To further analyze whether the larger nuclei observed upon ectopic fzr expression was because of precocious endocycling during the mitotic phase and/or prolonged endocycling during the amplification phase, we analyzed whether the amplification stage was defective or delayed in cells that overexpressed fzr. BrdU incorporation revealed normal amplification patterns in control and fzr-overexpressing cells (Fig. 2F), suggesting that the extra endoreplication observed upon fzr overexpression was not caused by defects in the endocycle-to-amplification transition. We therefore conclude that the larger nuclei arose because of a premature switch in the timing of the mitotic-to-endocycle transition.
Myc in the mitotic-to-endocycle transition
Premature expression of Fzr is sufficient to halt mitotic cell cycles 60%
of the time, however, only one-third of these cells will enter premature
endocycles (Fig. 2B,C). One
possible explanation for these results is that components at G1/S transition,
such as G1 cyclins, further restrict from entering the premature endocycles by
blocking entry into the S-phase in mitotic cells.

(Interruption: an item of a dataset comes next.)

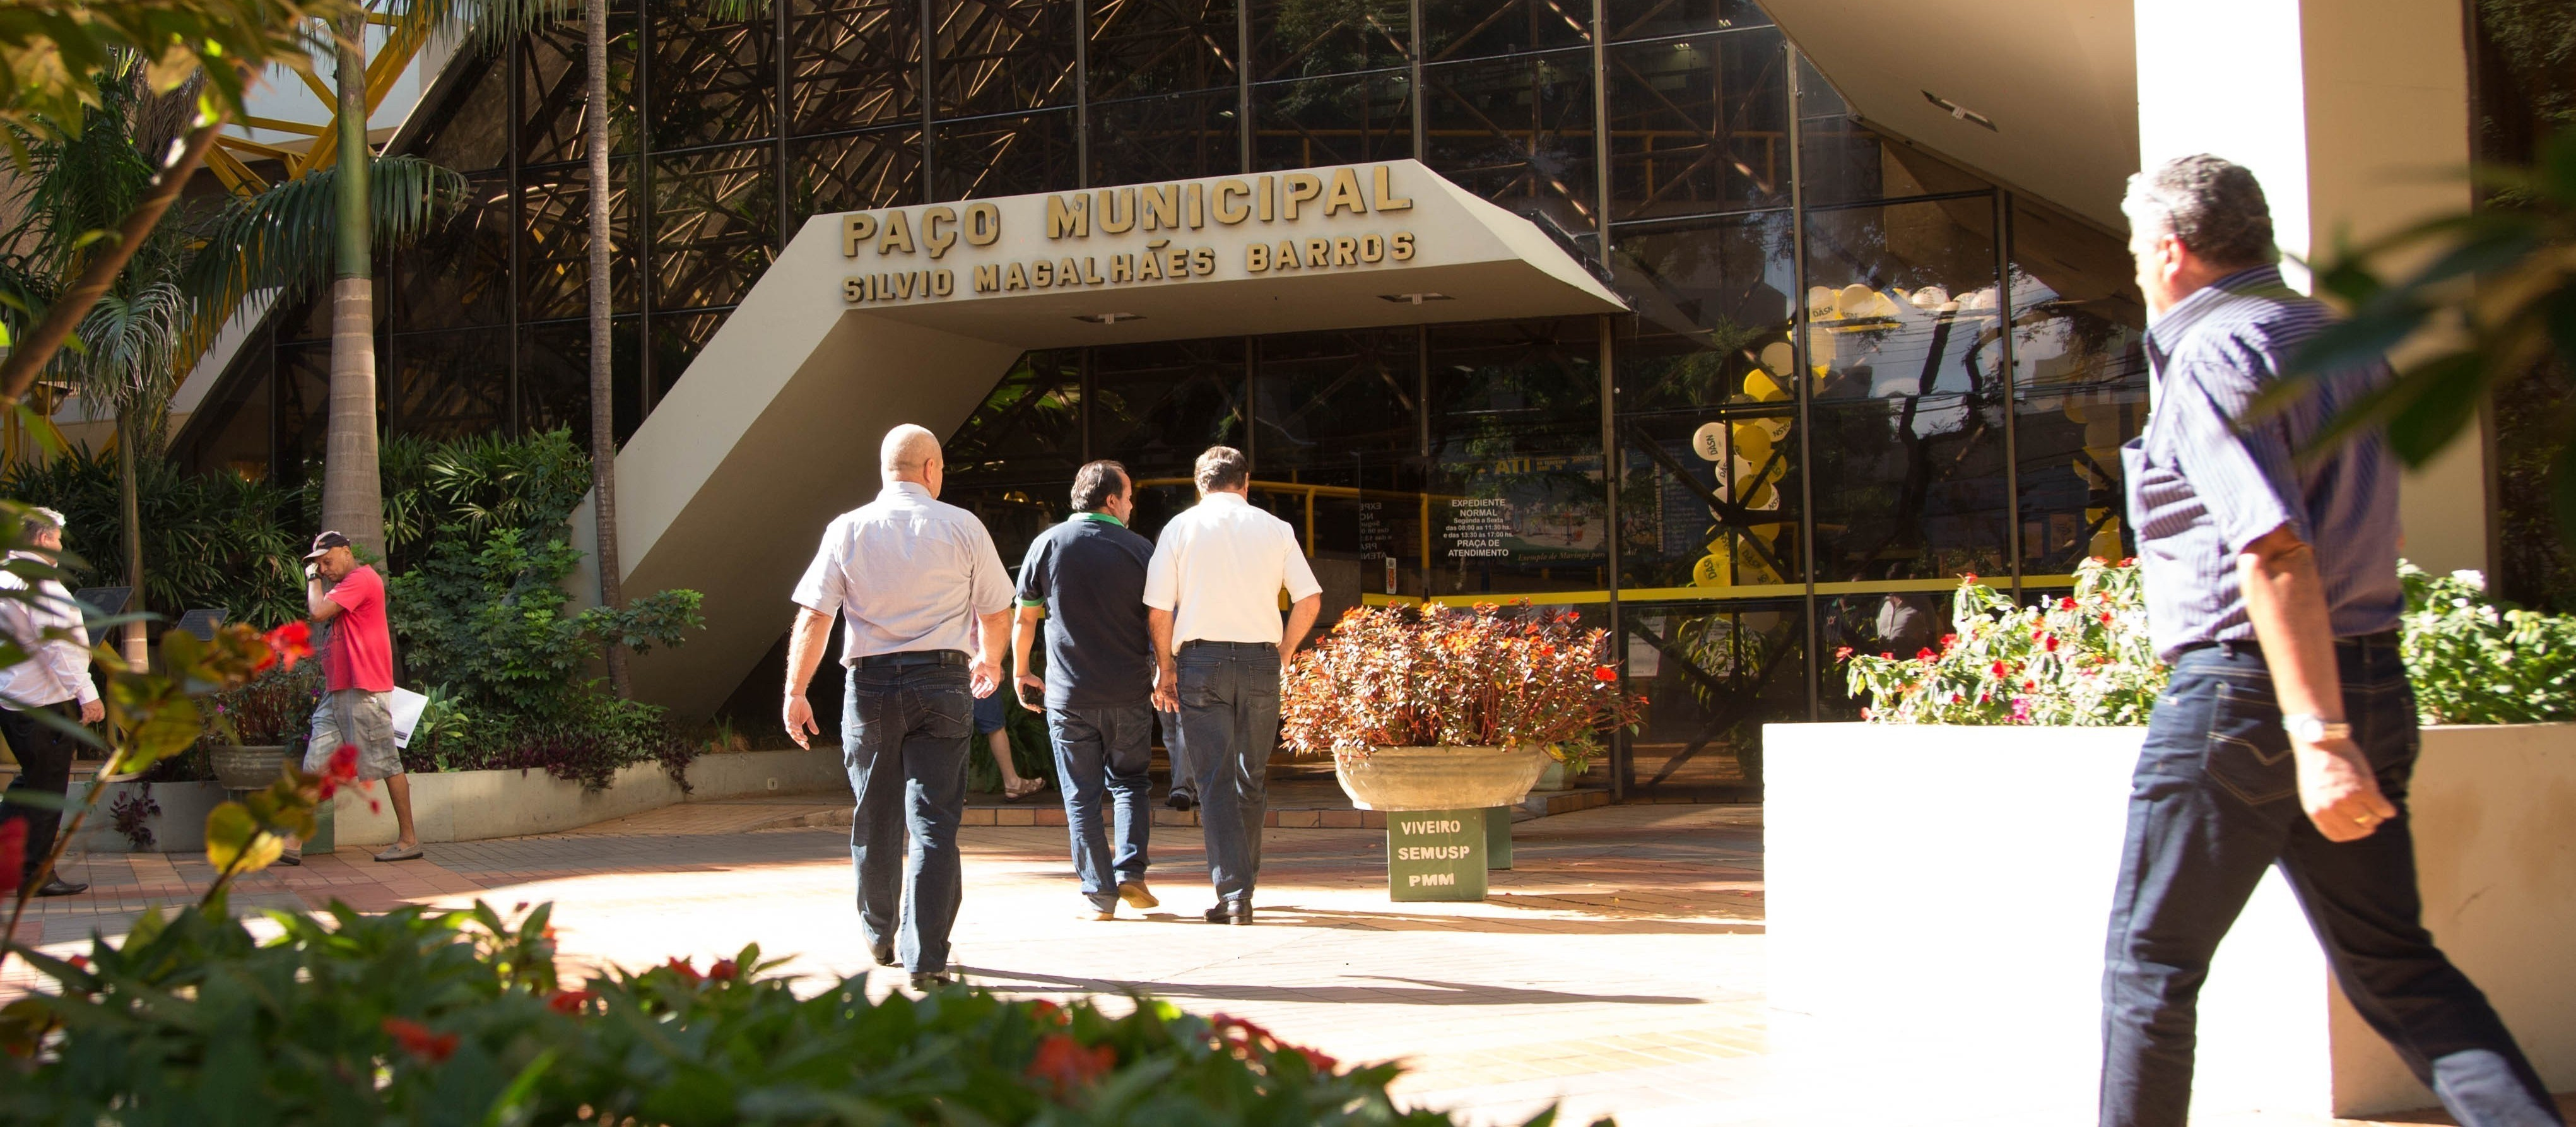 Educação, Serviços Públicos e Saúde lideram horas-extras na Prefeitura
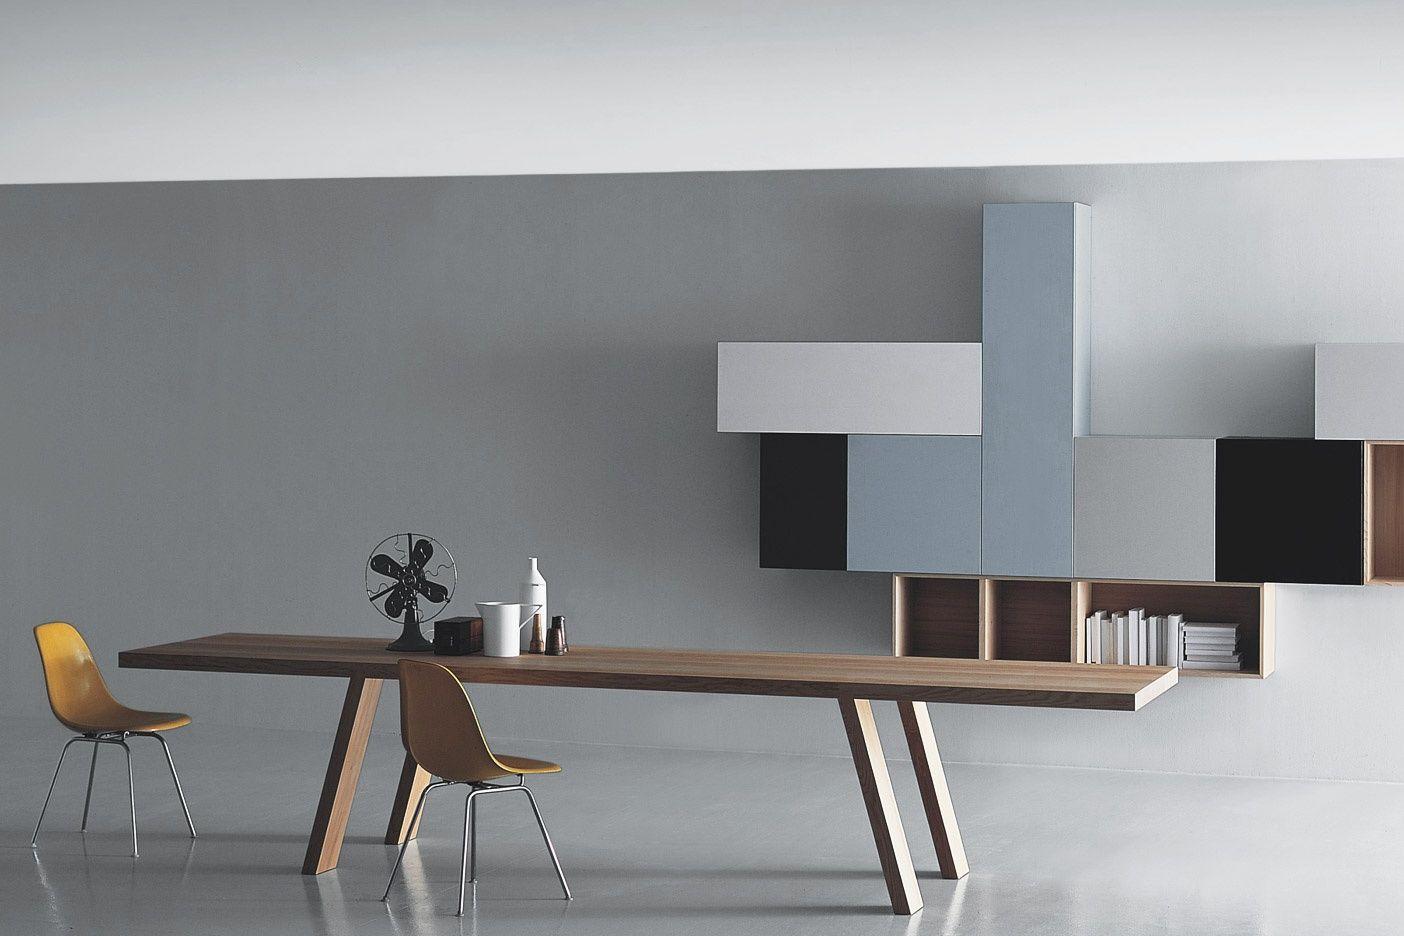 Tavolo Porro ~ Minimo design by piero lissoni porro spa kitchen reno

In other systems G1/S transition is controlled in part by factors that
regulate cell growth such as CycD or Myc
(Frei and Edgar, 2004).
Curiously, CycD does not seem to be critical for endocycles in follicle cells
(see Materials and methods). This presents a paradox because CycD is known to
be critical for cellular growth in Drosophila
(Datar et al., 2000
;
Meyer et al., 2000
) and a key
feature of all endocycles is an increase in cell size. Interestingly, the
expression screen described previously
(Table 1) (Bourbon et al., 2002
) might
provide an answer to this apparent paradox, because this screen demonstrated
that Myc, another component required for growth, is transcriptionally
upregulated at the transition.
dMyc is the Drosophila homologue of the BHLHZ Myc-oncogene family
of transcription factors. Recent studies have shown that dMyc has a function
in cellular growth (Iritani and Eisenman,
1999; Johnston and Gallant,
2002
; Johnston et al.,
1999
). To test whether dMyc can influence the mitotic-to-endocycle
transition, we overexpressed dmyc in developing follicle cells and
analyzed cell cycle markers in both cell cycle programs. No obvious change was
observed during the mitotic stage upon ectopic expression of dmyc
(Fig. 2C); however during the
endocycling stage, cells overexpressing dmyc were larger than the
neighboring wild-type cells (Fig.
2E). In particular, larger nuclei were observed in 32% and 55% of
the cells at stage 7-9 and 12 (respectively) after overexpressing
dmyc (Fig. 2B). FACS
analysis revealed that these large nuclei were indicative of extra endocycles
because cells with 32n ploidy were observed among these follicle cells
(Fig. 2K). Similar to the case
of fzr overexpression, BrdU incorporation revealed normal
amplification patterns during stage 12 in oogenesis in cells overexpressing
myc (Fig. 2G),
suggesting that the extra endoreplication observed during myc
overexpression was not caused by defects in the endocycle-to-amplification
transition. Because the higher ploidy accompanies no change in the timing of
mitotic-to-endocycle or endocycle-to-amplification transition, we conclude
that this defect was caused by faster endocycle kinetics than in wild-type
follicle cells. Thus, these data suggest that Myc-dependent growth can
regulate endocycle kinetics in follicle epithelial cells.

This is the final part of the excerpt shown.